Liputan6.com, Jakarta - Pasar saham Indonesia berpeluang menguat di awal pekan mendatang berkat meredanya ketegangan geopolitik serta rotasi sektoral yang mengarah pada saham industri dan energi.

Analis Pasar Modal sekaligus Founder Stocknow.id, Hendra Wardana mengatakan, prospek penguatan IHSG pada awal pekan mendatang ditopang oleh kombinasi sentimen makroekonomi global yang membaik serta rotasi sektoral yang mulai mengarah ke saham-saham berbasis industrialisasi dan energi.

Ia menjelaskan, salah satu pendorongnya adalah tercapainya gencatan senjata antara Israel dan Iran yang menurunkan tekanan geopolitik Timur Tengah.

Situasi ini meningkatkan minat risiko investor terhadap aset di pasar negara berkembang, termasuk Indonesia. Pada saat yang sama, sentimen pasar turut terdorong oleh kabar calon Presiden Amerika Serikat (AS) Donald Trump berencana mengganti Jerome Powell sebagai Ketua The Fed jika terpilih kembali. Spekulasi tersebut membuat dolar AS melemah, yang berdampak positif terhadap penguatan mata uang kawasan Asia.

"Dolar yang melemah turut memperkuat mata uang kawasan Asia, termasuk rupiah yang terapresiasi ke Rp16.199 per dolar AS. Kombinasi faktor ini membuka ruang bagi arus dana asing untuk kembali masuk ke pasar domestik, menopang likuiditas dan sentimen pasar saham nasional,” ulas Hendra, Sabtu (28/6/2025).

Data Inflasi AS Jadi Katalis, Potensi Capital Inflow ke RI

Pelaku pasar kini menanti rilis data PCE Price Index Amerika Serikat pada 28 Juni 2025 yang berpotensi menjadi katalis utama penguatan lanjutan IHSG. PCE merupakan indikator inflasi utama yang menjadi acuan kebijakan moneter The Fed.

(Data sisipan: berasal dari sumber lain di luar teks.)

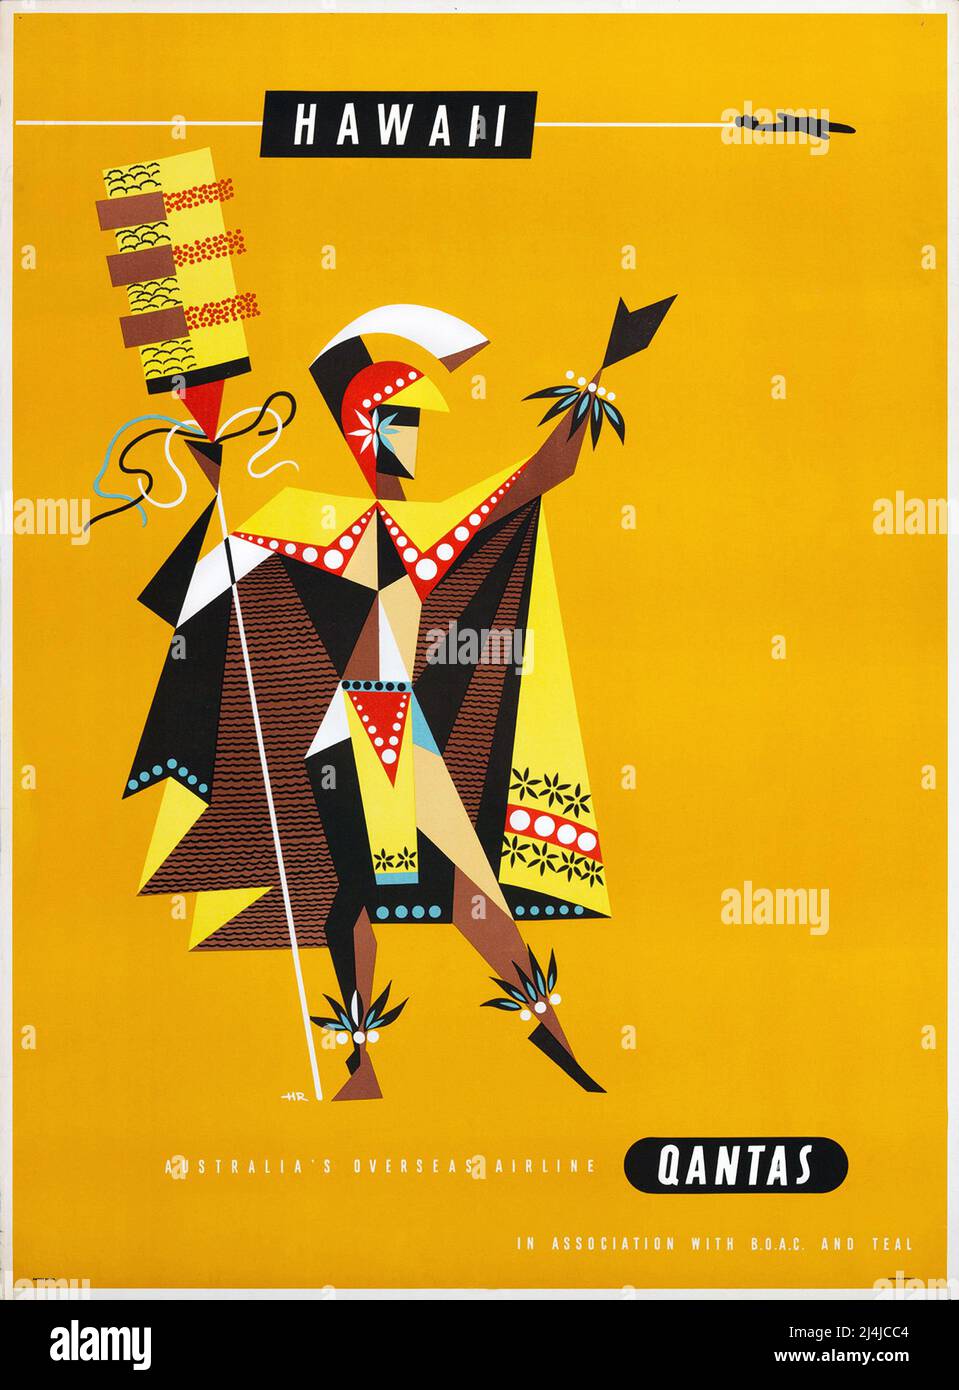 Vintage Travel Poster - Qantas - Hawaii , By Harry Rogers Stock Photo

"Bila data inflasi kembali moderat atau melandai, ekspektasi penurunan suku bunga The Fed pada akhir tahun bisa menguat," kata Hendra.

Dia menuturkan, bila inflasi menunjukkan tren yang terkendali, aset berisiko seperti saham di negara berkembang akan kembali diminati investor global.

Kondisi ini bisa menjadi pemicu arus modal masuk ke Indonesia dalam beberapa bulan mendatang. Momentum ini dipandang strategis bagi pasar domestik untuk menguat lebih lanjut seiring membaiknya kondisi makro global.

Hendra menilai, investor global saat ini mulai melakukan rotasi portofolio, mengalihkan fokus dari aset defensif ke emerging market.

"Kondisi ini akan semakin memperkuat argumen bahwa emerging market seperti Indonesia akan menjadi tujuan utama aliran modal global dalam beberapa bulan mendatang,” ujar Hendra.

Teknikal Kuat, Sektor Industri dan Energi Jadi Motor Penggerak

Secara teknikal, IHSG mencatat penguatan 0,96% ke level 6.897 dengan partisipasi pasar yang meningkat, didukung nilai transaksi sebesar Rp14,85 triliun.

"Level 6.840 saat ini menjadi support kuat, seiring dengan rendahnya volatilitas dalam beberapa sesi terakhir, sedangkan 6.956 menjadi resistance kunci yang jika berhasil ditembus akan membuka jalan bagi penguatan menuju 7.000," ulas Hendra.

Ia menambahkan, sentimen rotasi sektoral sudah terlihat dari menguatnya sektor basic industry dan consumer cyclicals. Saham-saham berbasis industrialisasi dan energi kini menjadi primadona, menandai pergeseran dana dari sektor defensif ke sektor siklikal dan komoditas.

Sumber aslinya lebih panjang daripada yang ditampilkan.